* Assignment:
Every line of the listing below should be written out exactly, minus its images.

* Recorded data:
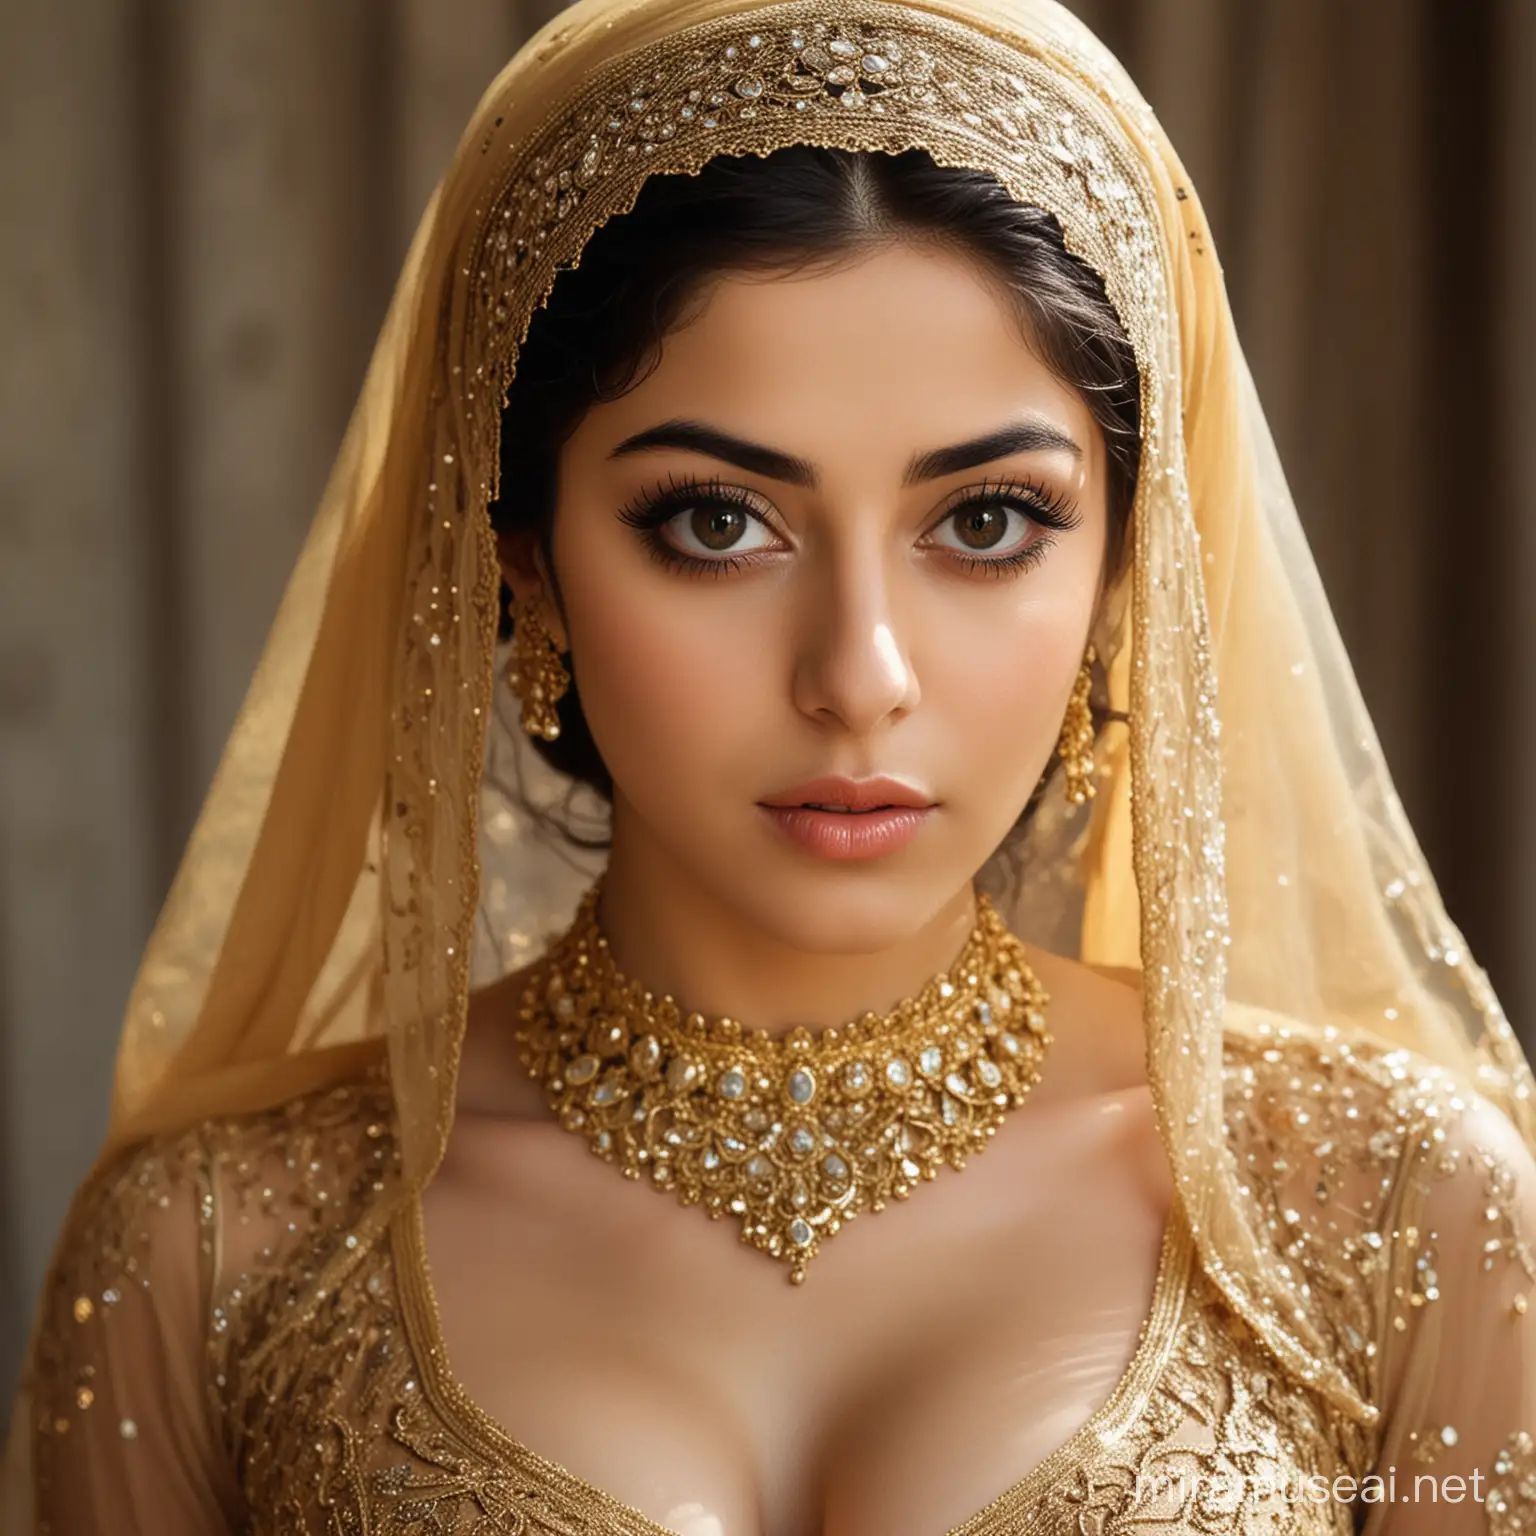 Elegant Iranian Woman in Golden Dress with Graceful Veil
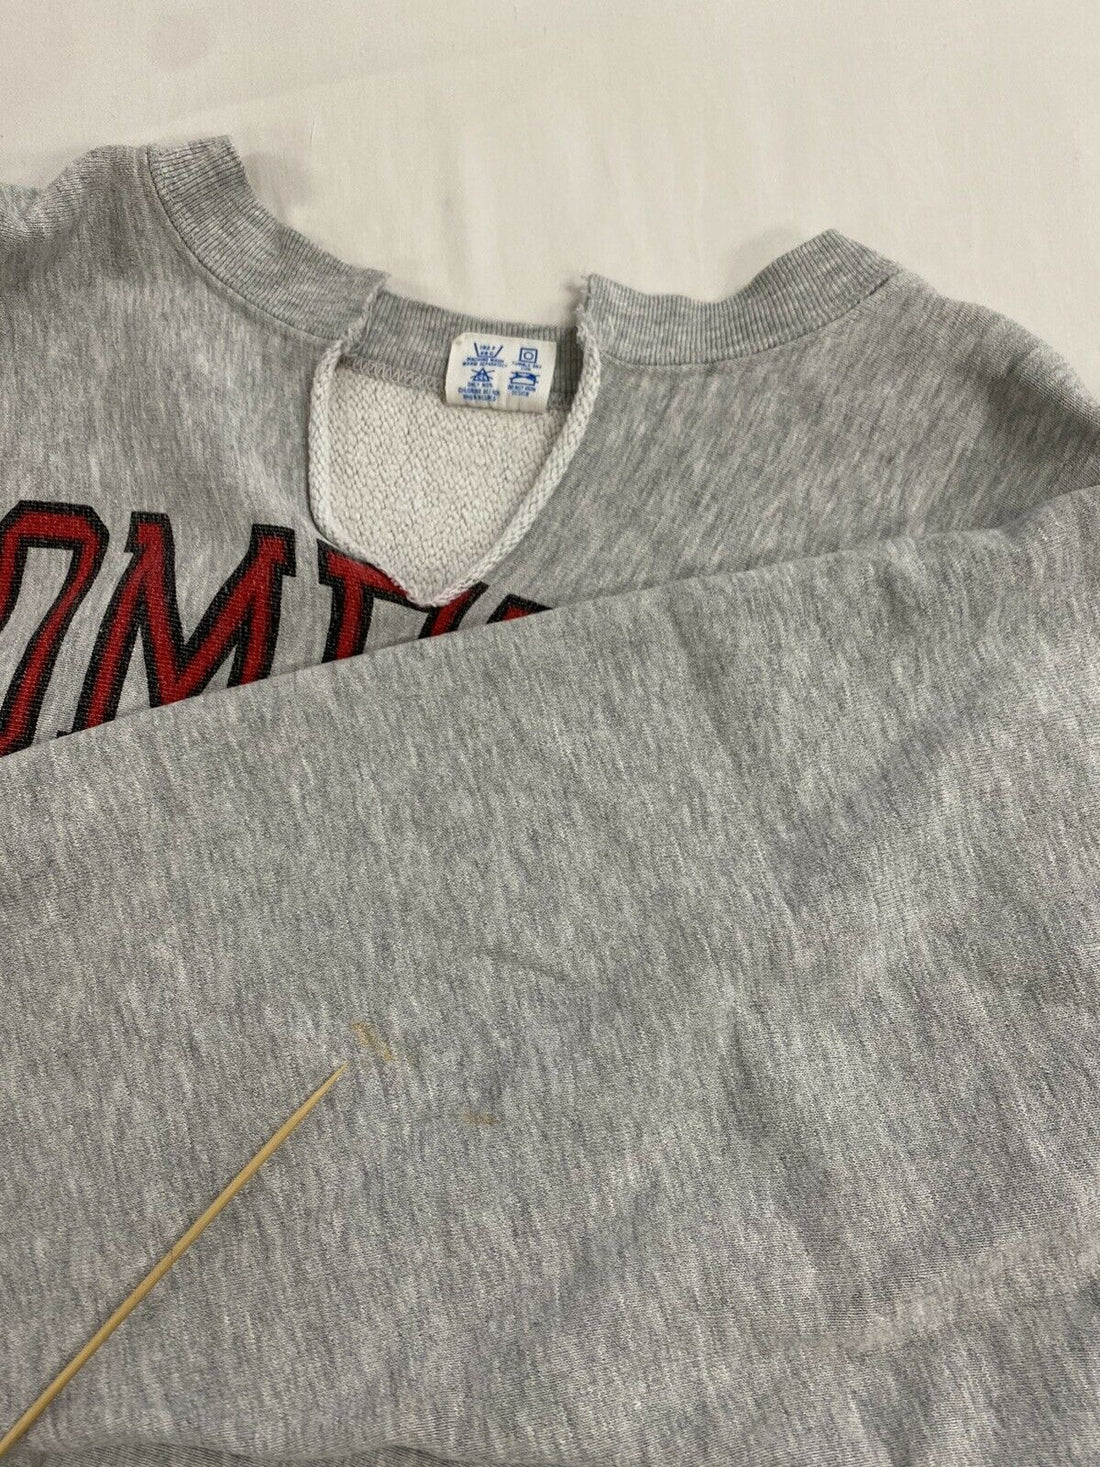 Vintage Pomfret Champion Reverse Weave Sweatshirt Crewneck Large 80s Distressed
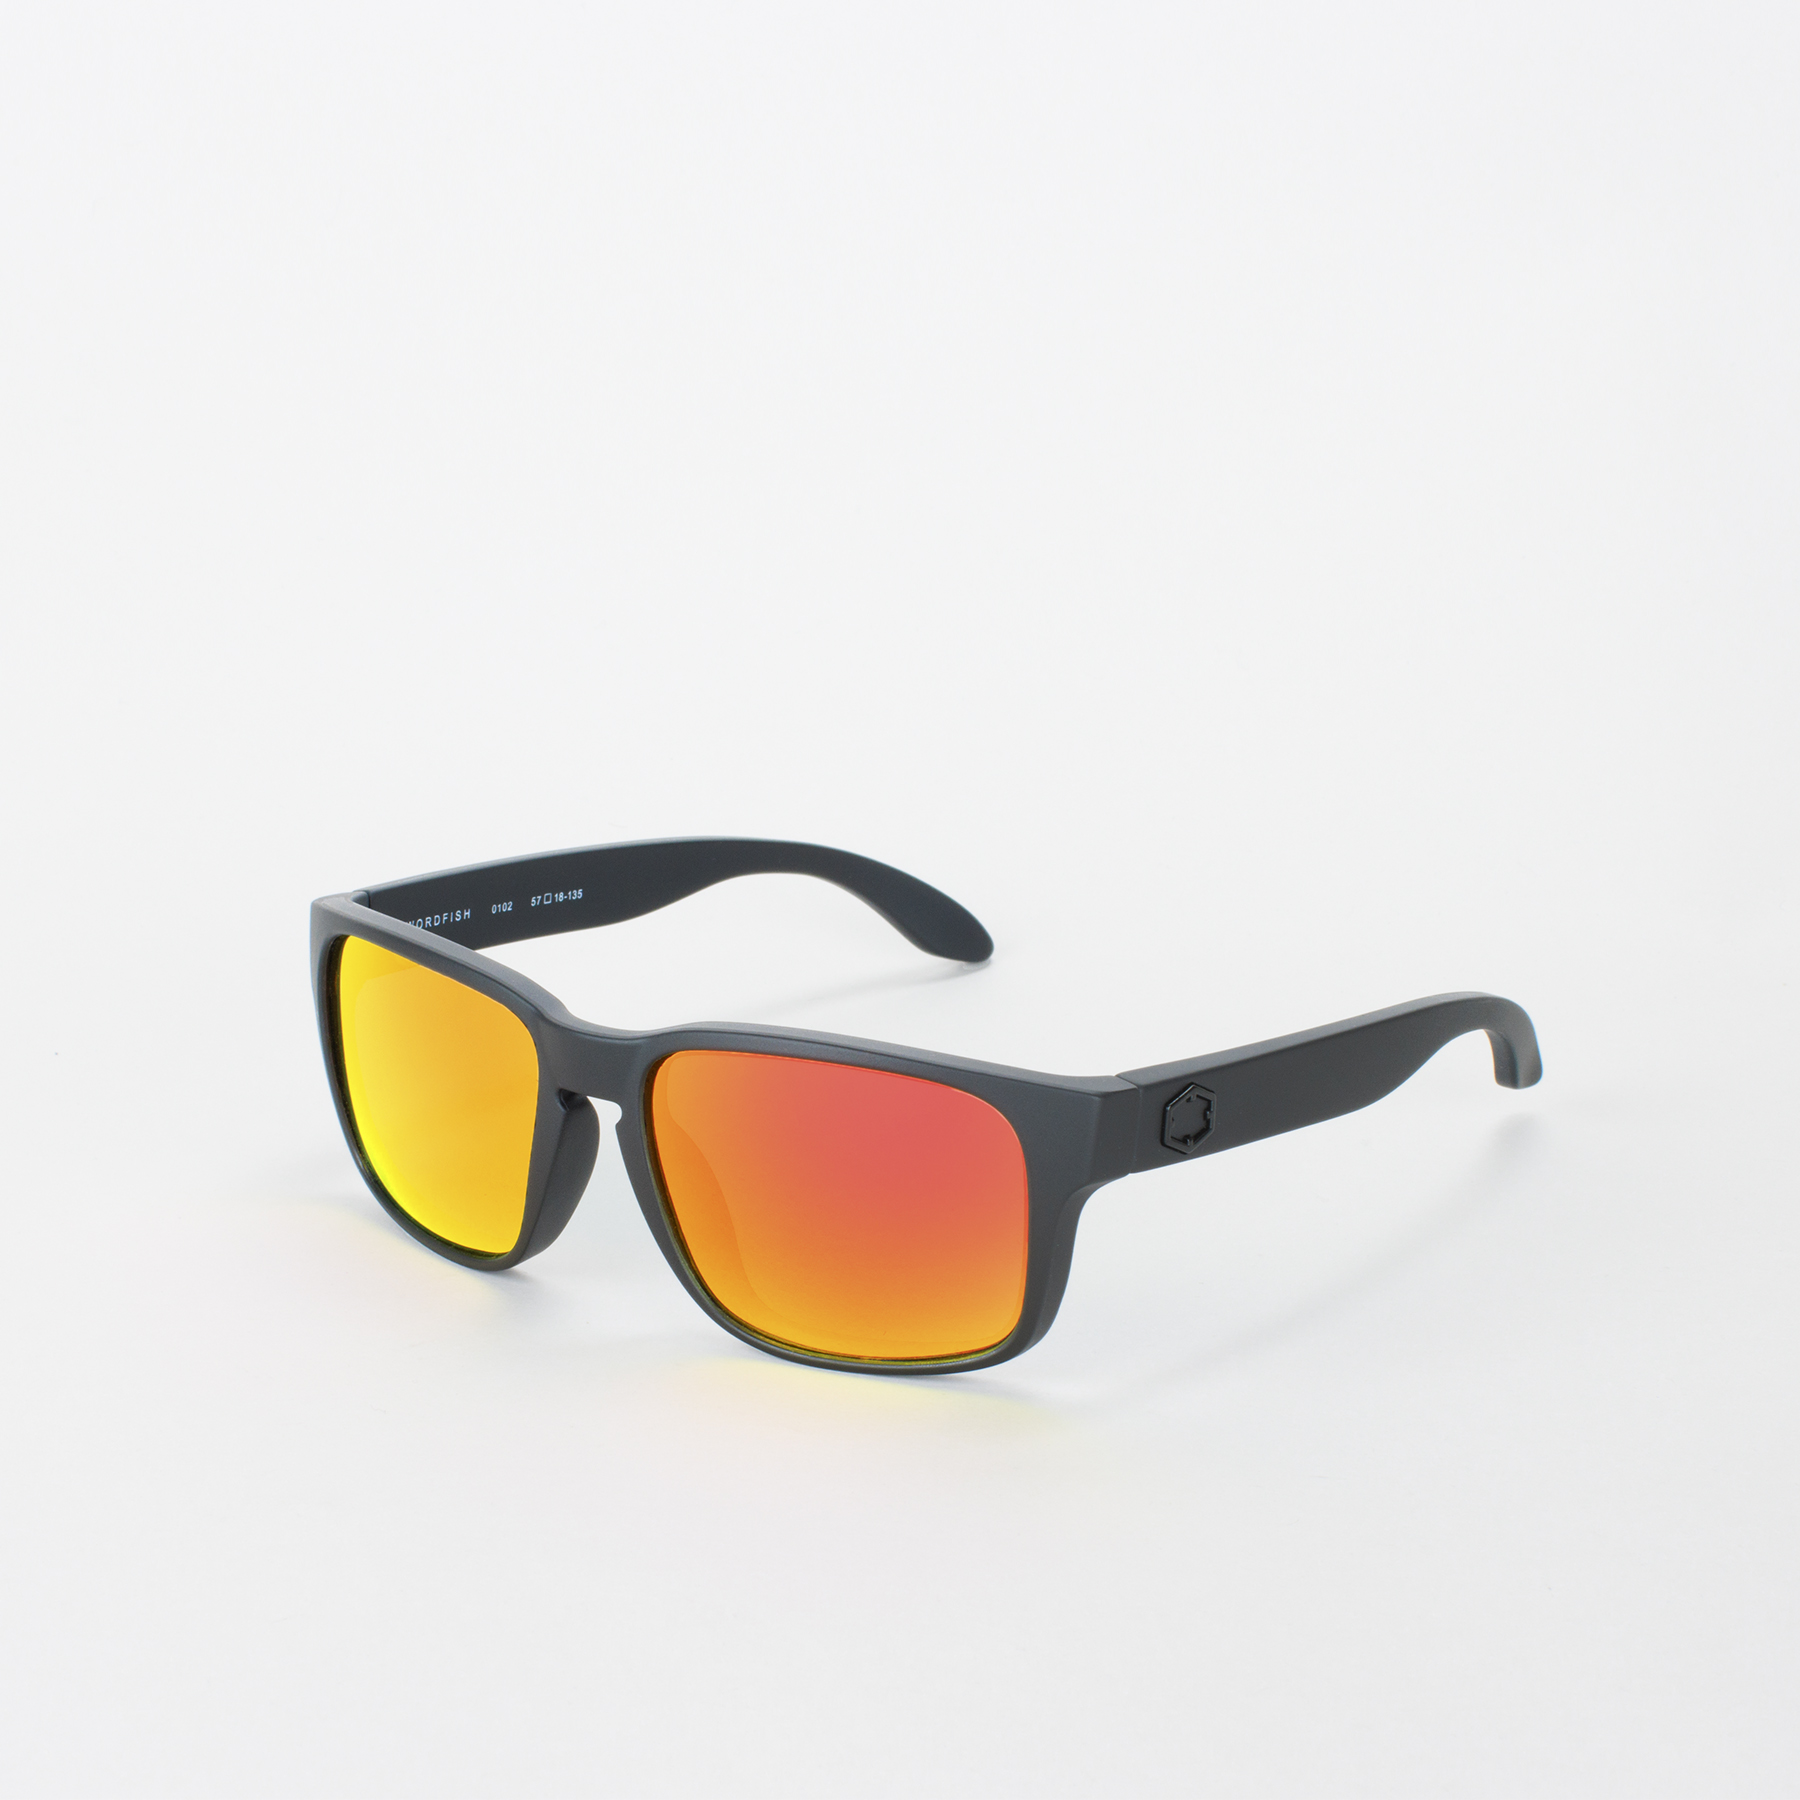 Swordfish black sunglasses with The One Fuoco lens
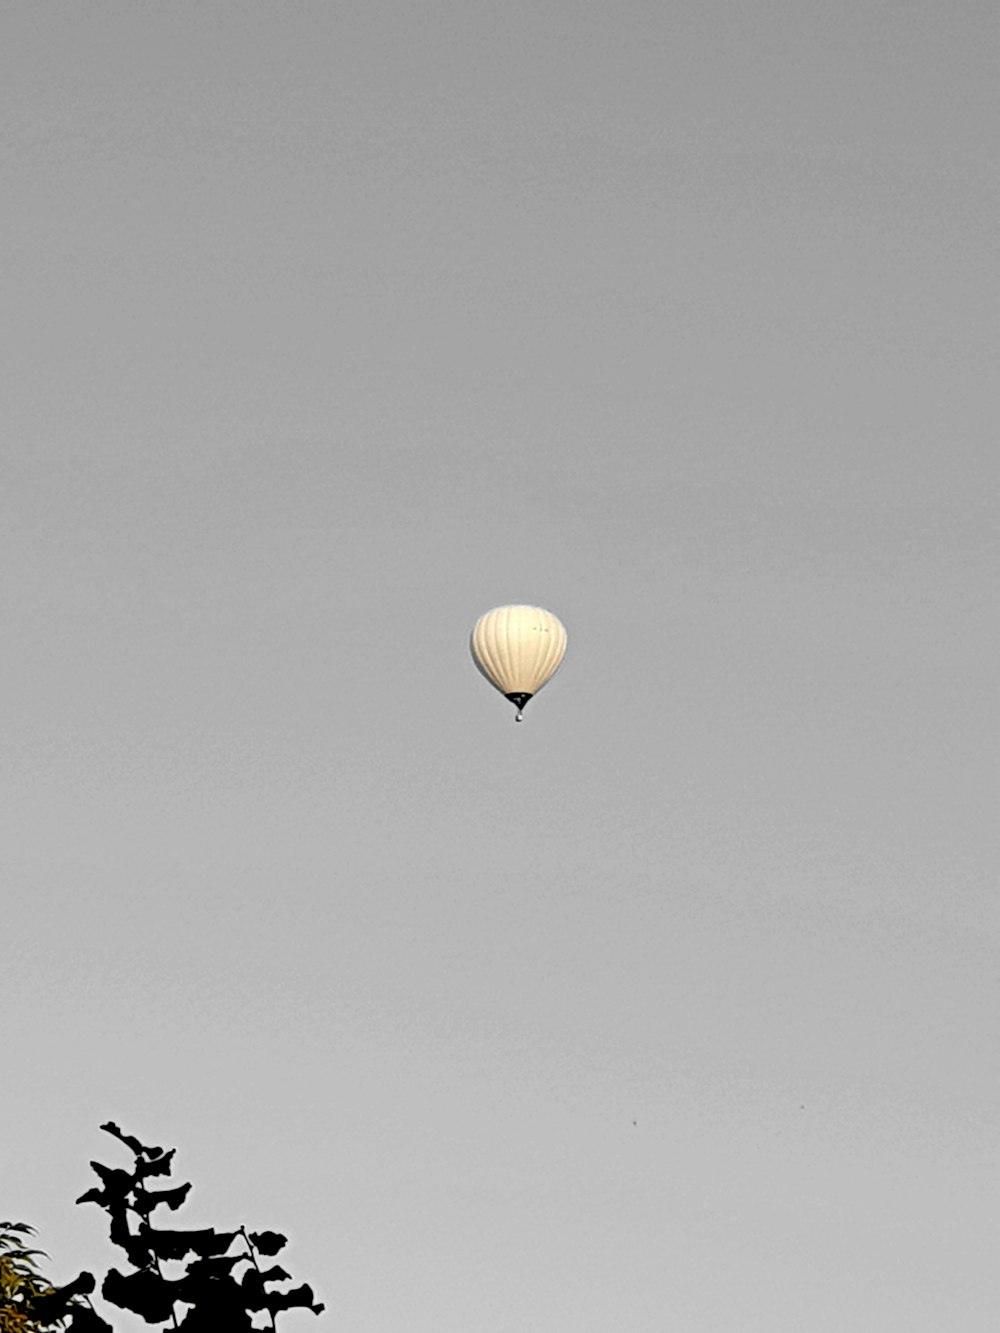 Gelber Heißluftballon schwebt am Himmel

* Answer to this problem:
 Elegant Iranian Woman in Golden Dress with Graceful Veil
 Vintage Pomfret Champion Reverse Weave Sweatshirt Crewneck Large 80s Distressed
 Swordfish black sunglasses with The One Fuoco lens
 Gelber Heißluftballon schwebt am Himmel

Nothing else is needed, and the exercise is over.